Friday, January 23, 2015

Some Thoughts on Self-Care

I have been having a blog post bounce around in my head for a little bit about self-care. It is getting to be the end of January and most of us have given up on our giant resolutions to change the world (and ourselves). The mid-winter blahs have deeply set in and we are in the season of self flogging. Nothing says the end of January and "Hello" to February like how much you are hating yourself.

I wanted to write an amazing post about how to take care of yourself in great, healthy ways, but tonight as I sit down to write... I am feeling A LOT more like, "Just don't nuke yourself and you'll be doing alright!".

We are having a crazy week at our house. (a bit more so than usual) A small redecorating project has taken on a life of its own and is holding my entire family / household hostage!! My kitchen has been buried for 6 days now. I have my daughter's entire contents of her closet / drawers on my bedroom floor. (and since she is 2 1/2 this means that half of them have been worn for roughly 30 minutes and then discarded. I have laundry piling up, moods souring, and patience winding down. How about a little bit of self-care.  HAR HAR!!!!!

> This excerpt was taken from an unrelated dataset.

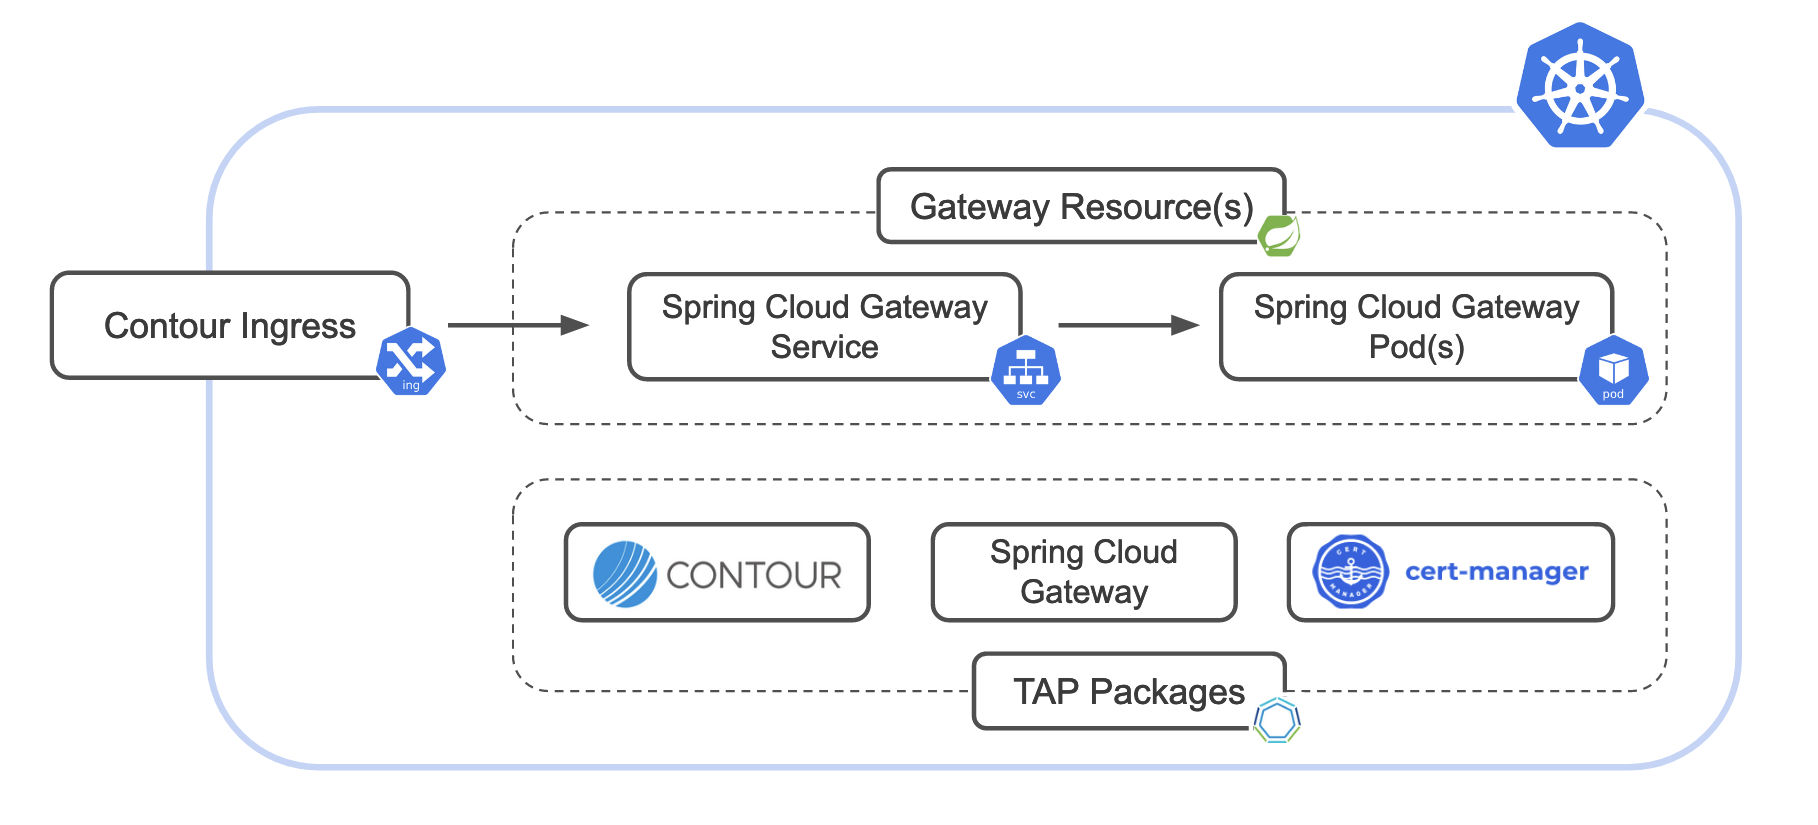 Block diagram of Spring Cloud Gateway in the context of Contour ingress and TAP packages.

I was going to write a wonderful post that talked about instead of treating yourself with food (even "healthy" food) rewarding yourself in other ways. Like a long bath or a pedicure, Perhaps a long walk or a new download of a favorite song. But instead, I am feeling a bit more like we should talk about when things aren't going so well.....  perhaps it is best to NOT eat the entire leftover birthday cake that has been calling to me all day saying things like, "chocolate mousse and chocolate butter cream frosting Will make you feel better --- sooooo much better".  (Birthday cake is a LIAR!)

Not only is it not good for you, but eating (or drinking) things like that only make things worse. Caffeine, sugar and chemicals do not just create bad behaviors in children - Look in the mirror honey. I used to wonder why I was so completely out of control at 4:30pm most days, yes, it has to do with kids and responsibilities and all that, but I can promise you, it isn't being helped by my 4:00 coke and a snickers bar.

I developed the habit a really really long time ago, of rewarding myself with a Coke when things were going good. And then it quickly became a pick-me-up, and then a consolation. None of those choices are good ones, and to be absolutely brutally honest - None of those are choices that I want my children to be making. If it isn't a choice that I want the people that I love and take care of to be making.... Is it one that I should be making for myself. (Don't I want to love and take care of myself too?)

This has been a rough week, some of them just are. There is no way around it. Lots and lots of things in our lives happen to be out of our control. And when those crazy unforeseen things happen to us, Let us make the best of what we can by controlling the things that we Can control.

I have felt a little bit like one of my small kiddos when they are washing their hair and they rub their eyes... "AHHH I have Soap In My Eyes".... (rubs eyes with soapy hands!) - "Waah, I have Soap IN my eyes," Continuing to rub hands covering with bubbles in eyes. "Someone is Putting Soap actually INTO my Eyes!".  Goodness Gracious, I have to stop and take a deep breathe and say to myself - do not make this worse.

Give yourself the best tools to cope with the situation. Help yourself to BE your BEST self to deal with the situation. And when you come through it with flying colors.... or drag your beleaguered self across the finish line - you can start a new happy of wearing your wildest socks to celebrate.